The Peninsula Research Institute for Marine Renewable Energy (PRIMaRE) has ordered eight Fugro Oceanor Seawatch Mini II buoys to form the core of an instrumentation network at the Wave Hub site off the South West of England.
The UK£28M Wave Hub project aims to create the UK’s first offshore facility for the demonstration and proving of arrays of wave energy generation devices (WECs). The Wave Hub facility will provide a well defined and monitored site with electrical connection to the onshore national grid. Four different proven commercial WEC manufacturers – Oceanlinx, Ocean Power Technologies Ltd, Fred Olsen and WestWave, a consortium of E.ON and Ocean Prospect Ltd – will each have a berth to connect a number of their devices to the Wave Hub’s sea bed ‘socket’ which is approximately 16 km offshore and at a depth of 50m.
PRIMaRE, which is directly linked to the Wave Hub project, is tasked to monitor and characterise the wave climate at the site.

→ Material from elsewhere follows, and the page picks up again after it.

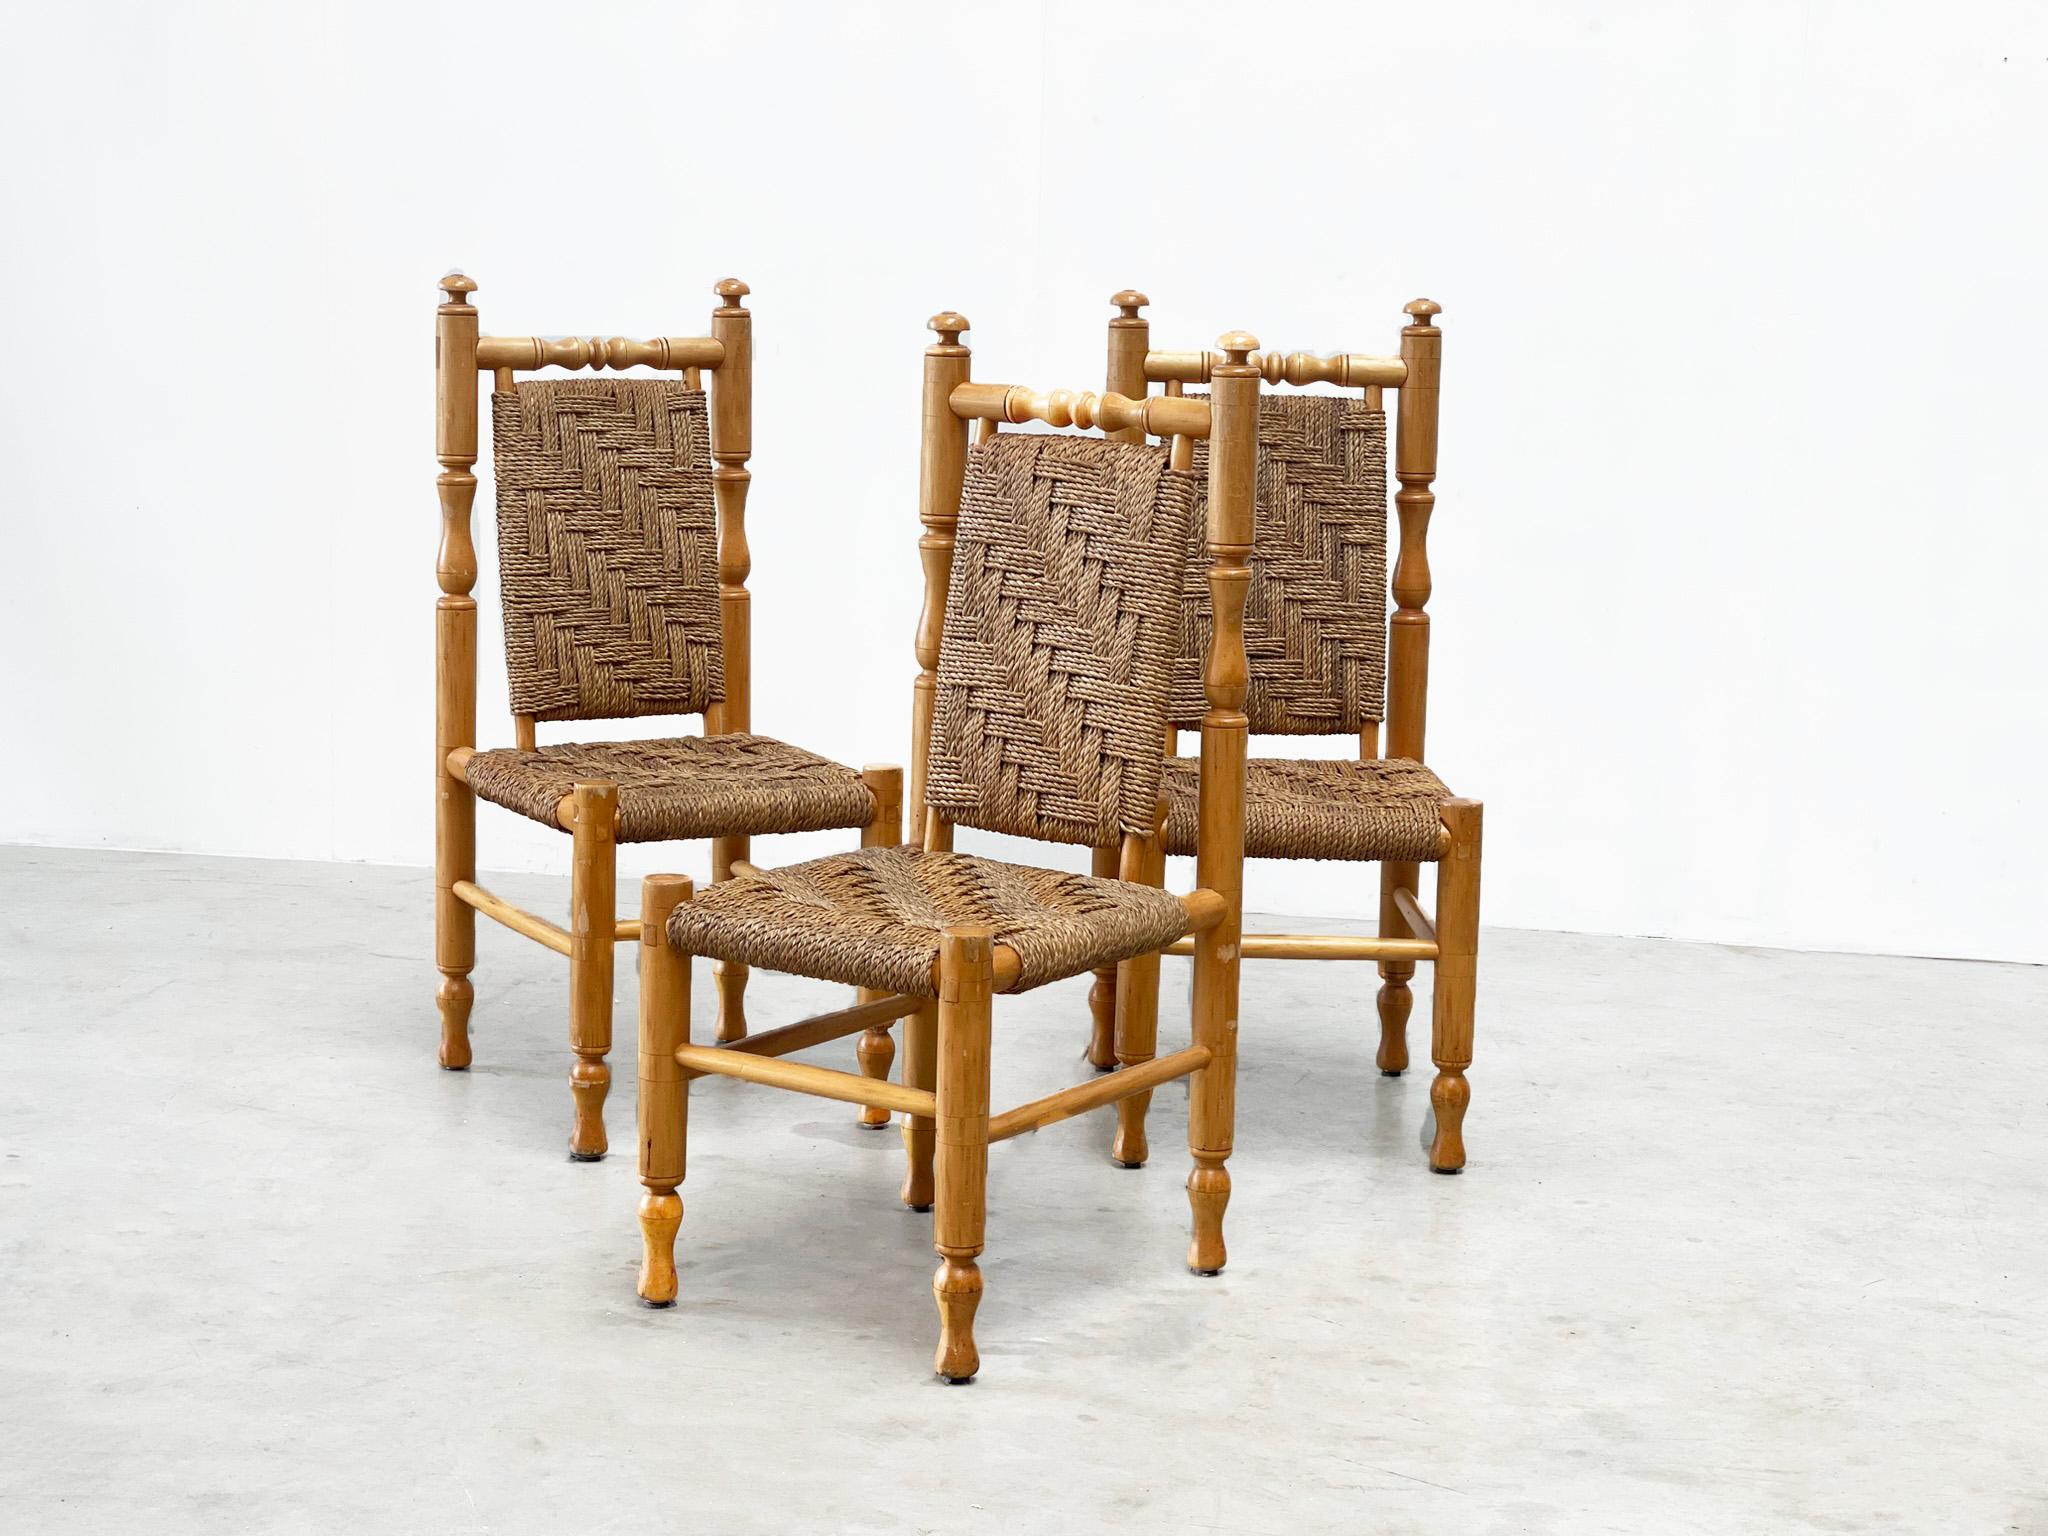 Satz von 3 Beistellstühlen / Esszimmerstühlen von Adrien Audoux & Frida Minet
Diese Stühle stammen von den berühmten französischen Designern Adrien Audoux & Frida Minet. Sie wurden in den 1970er Jahren entworfen und hergestellt. Die Stühle wurden in

The eight directional wave sensor buoys will facilitate this with detailed coverage of the 2km by 4km deployment area. More significantly, as a part of an extensive but highly integrated system of oceanographic, meteorological and environmental monitoring equipment at the Wave Hub site, the buoy array will constitute a world leading facility giving researchers in wave energy a unique opportunity to work with much richer and detailed data sets.
The buoy array will also be an important part of the Wave Hub’s infrastructure, feeding wave information to the WEC devices. In one mode of operation the buoys will be able to deliver synchronized live and continuous data streams that will allow a local description of the sea surface to be computed in near real time. This data can be provided as a live feed to the WEC devices to help optimize their energy output.
The Wave Hub project will cover an area of sea measuring 4km by 2km and each wave device developer will be granted a lease of between five and 10 years in an area of approximately 2km2. The water at the deployment site is approximately 50m deep.
Up to 30 wave energy devices are expected to be deployed at Wave Hub and will float on the surface of the sea. The project is expected to be operational in 2009.